PUBLICATION
Taking Human Cancer Genes to the Fish: A Transgenic Model of Melanoma in Zebrafish
- Authors
- Patton, E.E. and Zon, L.I.
- ID
- ZDB-PUB-050825-11
- Date
- 2005
- Source
- Zebrafish 1(4): 363-368 (Review)
- Registered Authors
- Patton, E. Elizabeth, Zon, Leonard I.
- Keywords
- none
- MeSH Terms
- none
- PubMed
- 18248215 Full text @ Zebrafish
Citation
Patton, E.E. and Zon, L.I. (2005) Taking Human Cancer Genes to the Fish: A Transgenic Model of Melanoma in Zebrafish. Zebrafish. 1(4):363-368.
Abstract
MELANOMA is an aggressive, and often deadly, cancer of the skin.
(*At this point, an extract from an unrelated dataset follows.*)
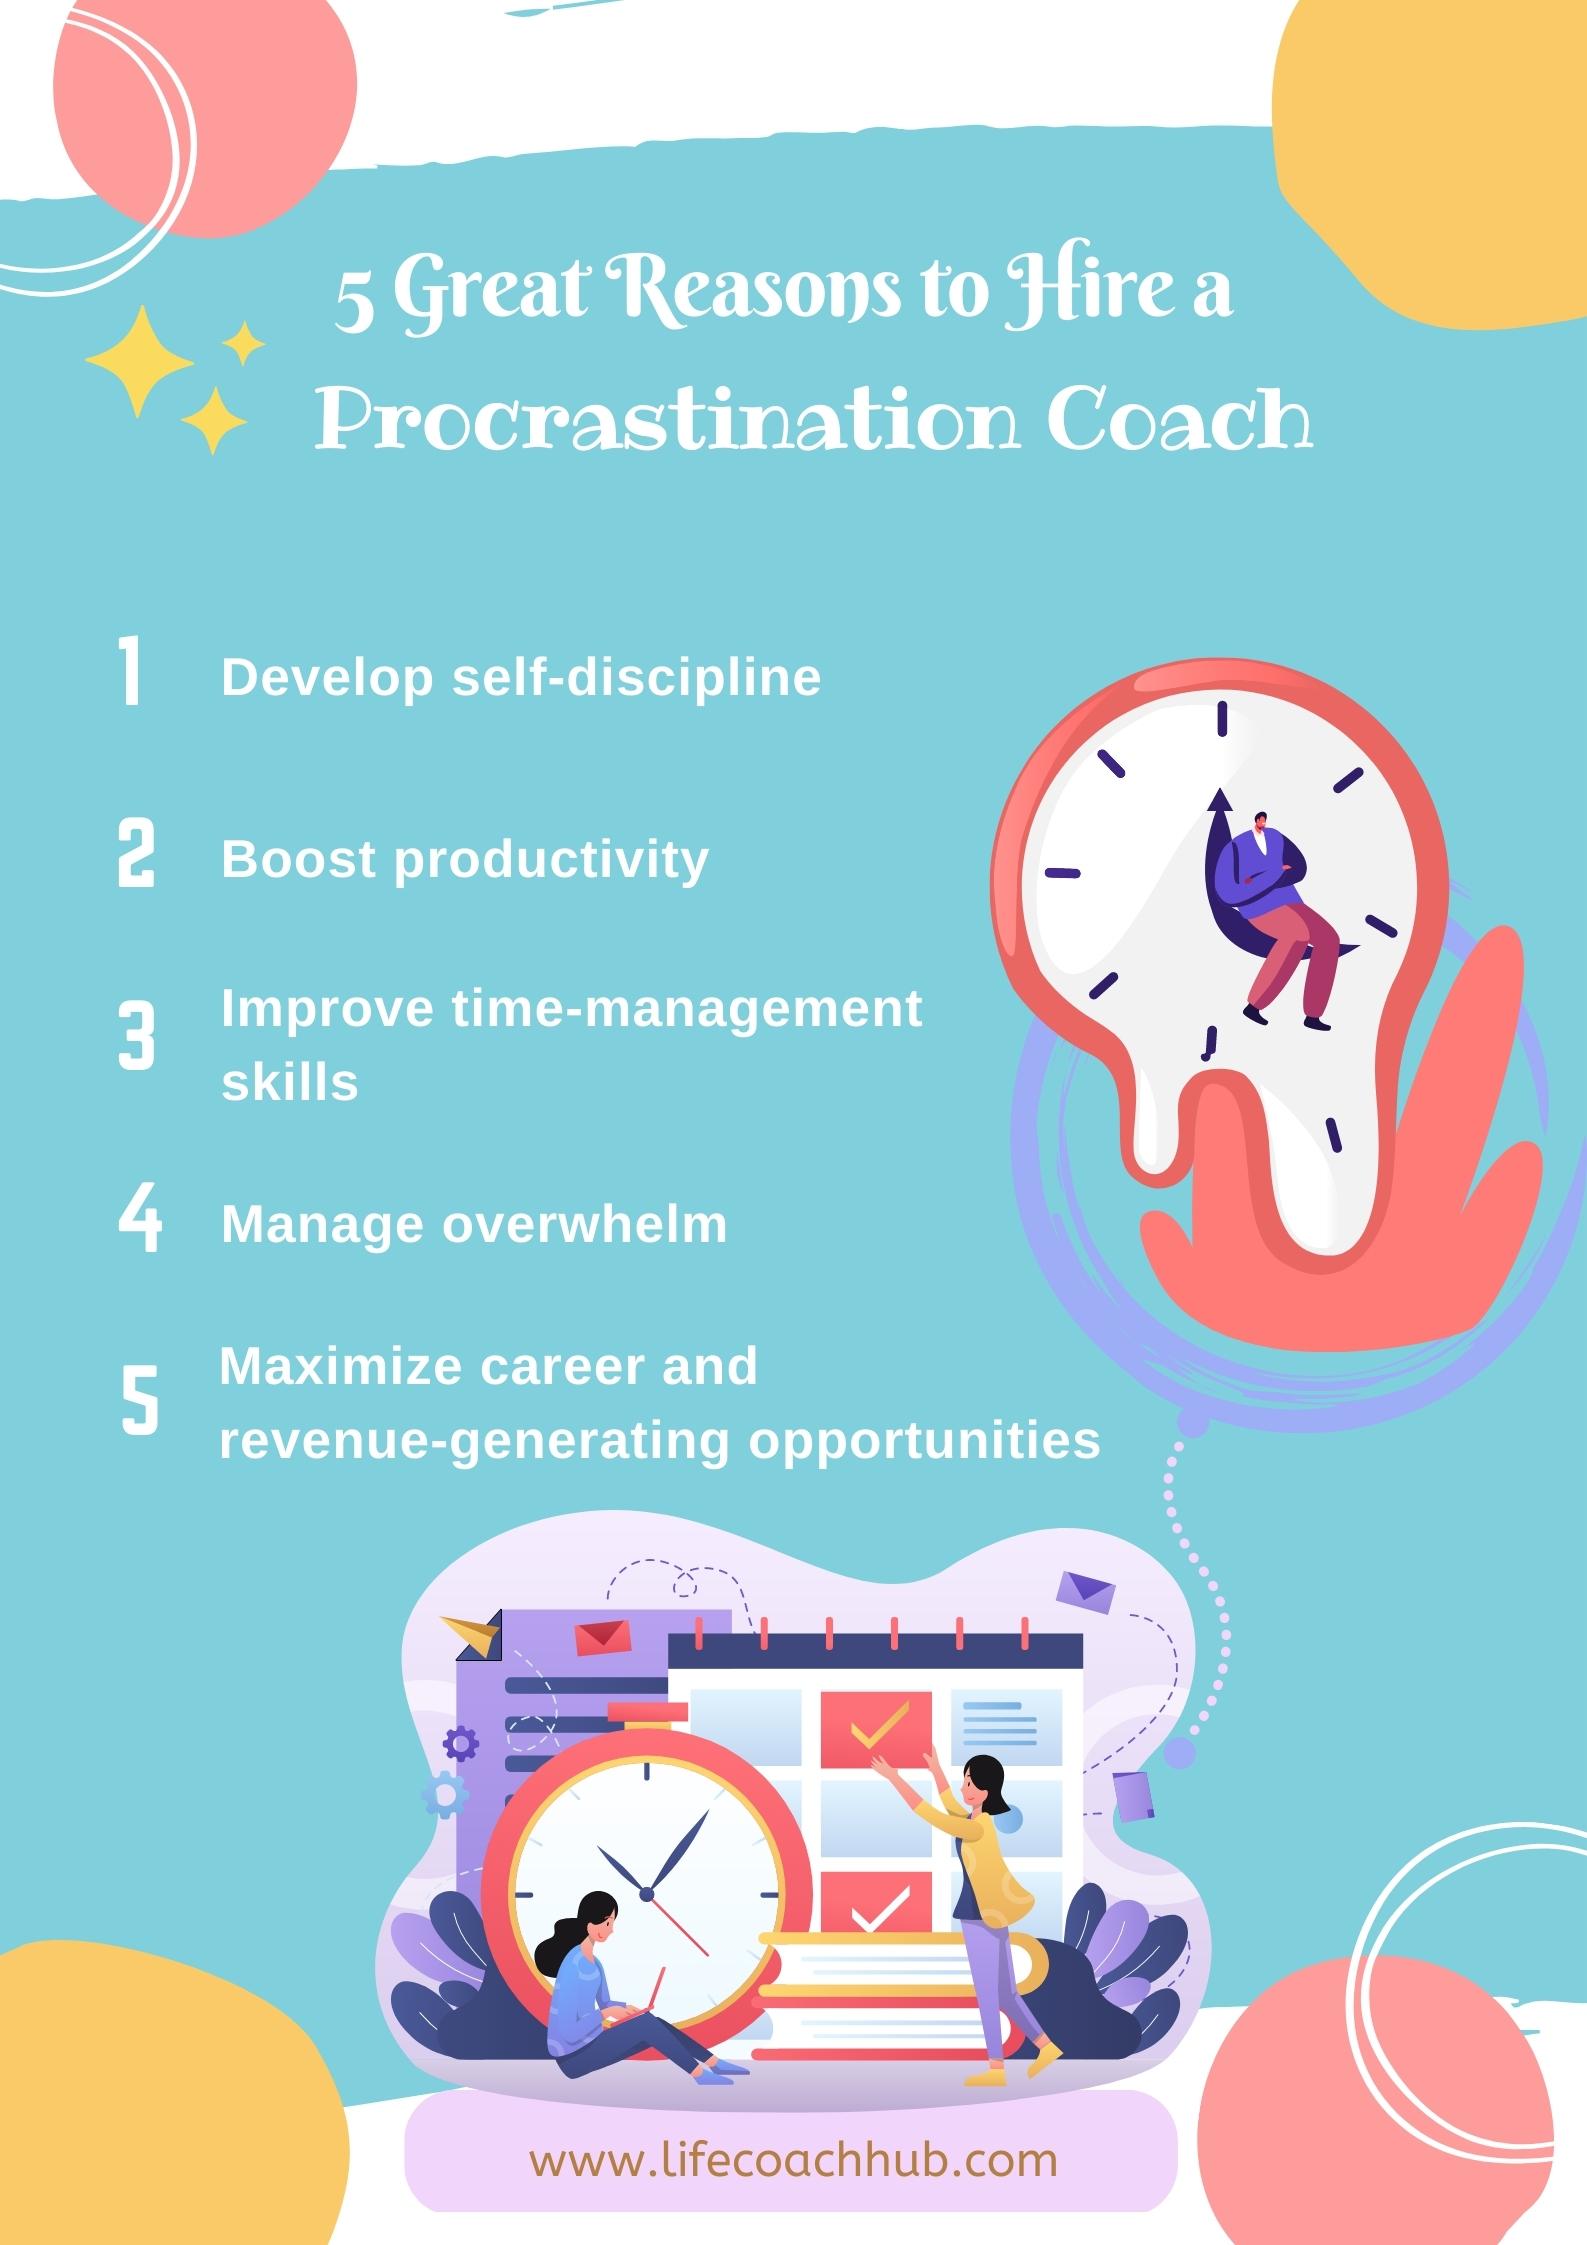 5 Great reasons to hire a procrastination coach

In one year
alone in the United States, over 50,000 people are diagnosed with melanoma, from which over 7000 people die. Despite an unprecedented understanding of cancer genetics and development, the incidence of melanoma continues to rise each year and melanoma remains a disease for which few treatments are effective. Once the disease is metastatic, the average person survives less than 8 months, often enduring gruelling treatments with minimal effectiveness.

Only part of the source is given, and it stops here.